From: Kent J. <ke...@td...> - 2007-09-12 13:18:50
|
Hi, Markdown 1.6b doesn't work with UTF-8-encoded text. It fails with a UnicodeDecodeError in removeBOM(): In [3]: import markdown In [4]: text = u'\xe2'.encode('utf-8') In [6]: print text â In [7]: print markdown.markdown(text) ------------------------------------------------------------ Traceback (most recent call last): File "<ipython console>", line 1, in <module> File "/Library/Frameworks/Python.framework/Versions/2.5/lib/python2.5/site-packages/markdown.py", line 1722, in markdown return md.convert(text) File "/Library/Frameworks/Python.framework/Versions/2.5/lib/python2.5/site-packages/markdown.py", line 1614, in convert self.source = removeBOM(self.source, self.encoding) File "/Library/Frameworks/Python.framework/Versions/2.5/lib/python2.5/site-packages/markdown.py", line 74, in removeBOM if text.startswith(bom): <type 'exceptions.UnicodeDecodeError'>: 'ascii' codec can't decode byte 0xc3 in position 0: ordinal not in range(128) The problem is that the BOM being tested is unicode so to execute text.startswith(bom) Python tries to convert text to Unicode using the default encoding (ascii).
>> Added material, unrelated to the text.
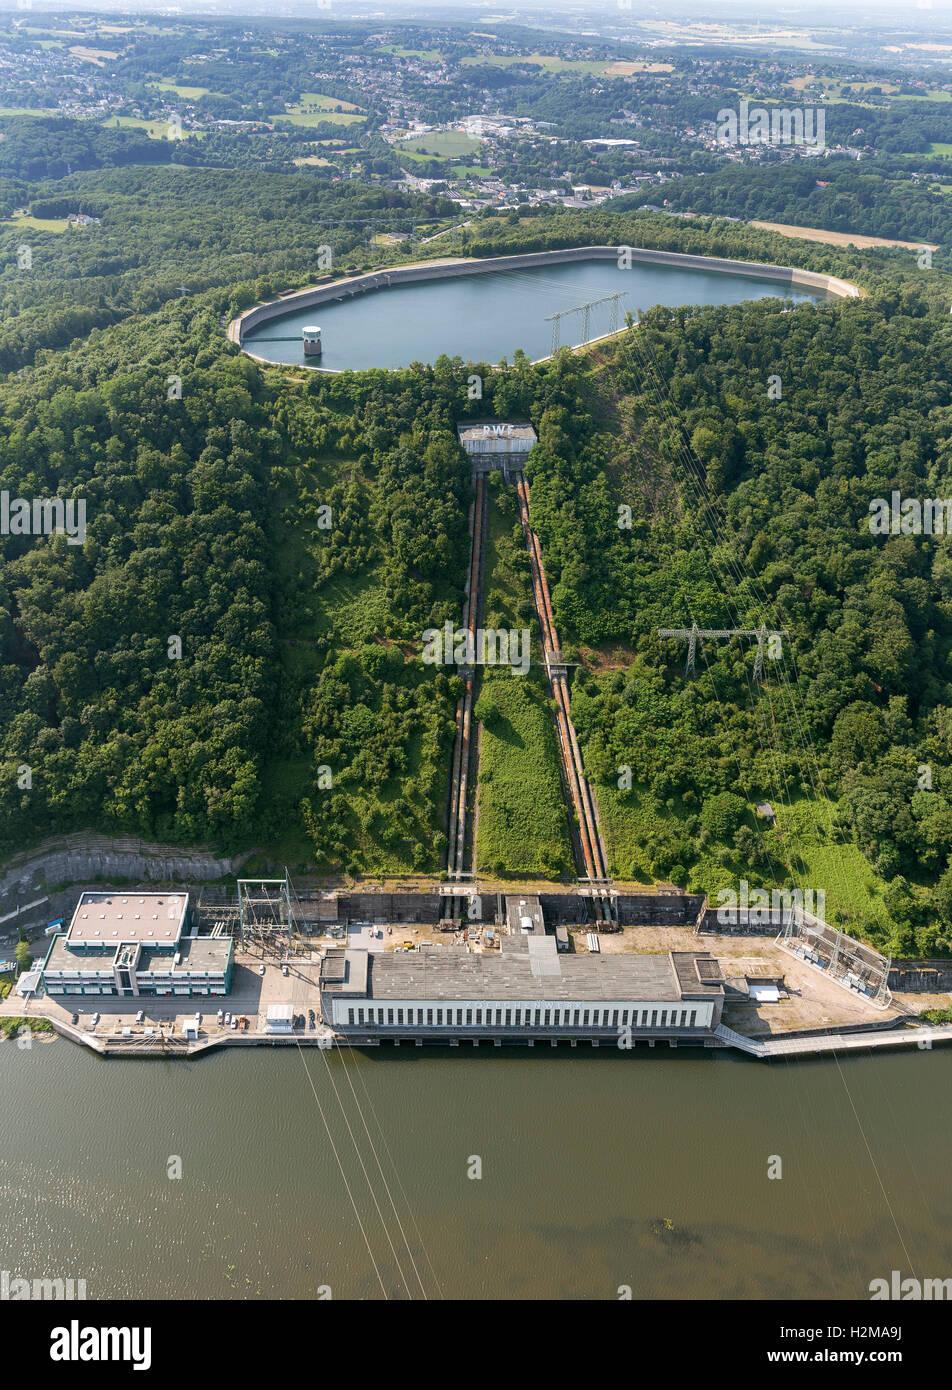 pumped storage hydropower stock photos \u0026 pumped storage hydropoweraerial view, pumped storage power plant koepchenwerk, energy storage, hydropower plant, hengsteysee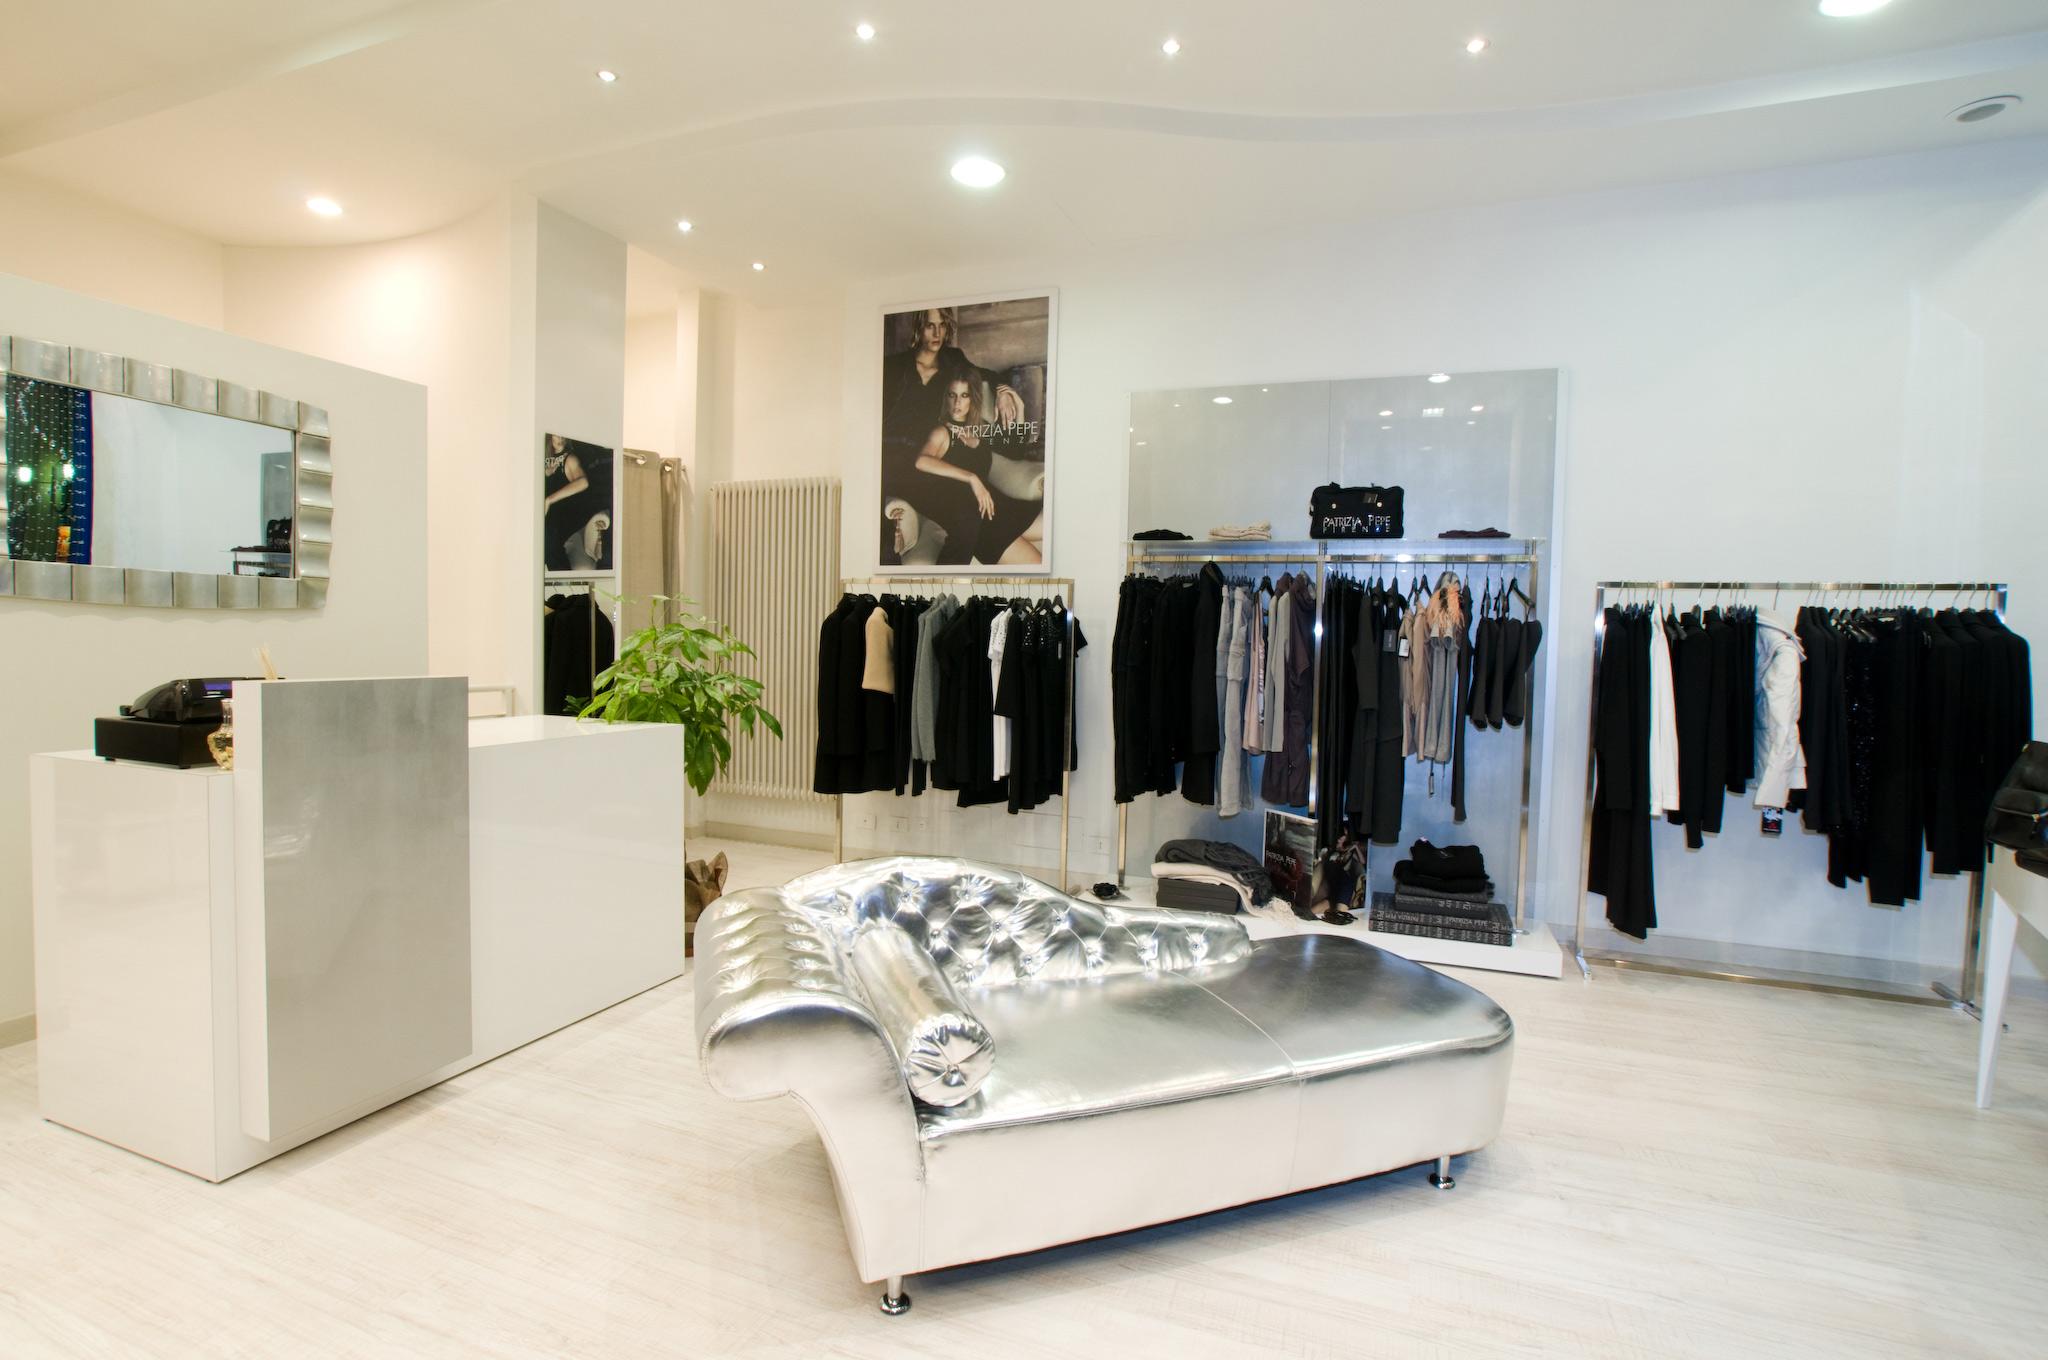 arredamento per negozi di abbigliamento toscana belardi ForArredamento Negozi

This fails because the text is not ascii. I'm trying to understand what the encoding parameter is for; it doesn't seem to do much. There also seems to be some confusion with the use of encoding in markdownFromFile() vs markdown(); the file is converted to Unicode on input so I don't understand why the same encoding parameter is passed to markdown()? ISTM the encoding passed to markdown should match the encoding of the text passed to markdown, and the values in the BOMS table should be in the encoding of the key, not in unicode. Then the __unicode__() method should actually decode. Or is the intent that the text passed to markdown() should always be ascii or unicode? I can put together a patch if you like but I wanted to make sure that I am not missing some grand plan... Kent |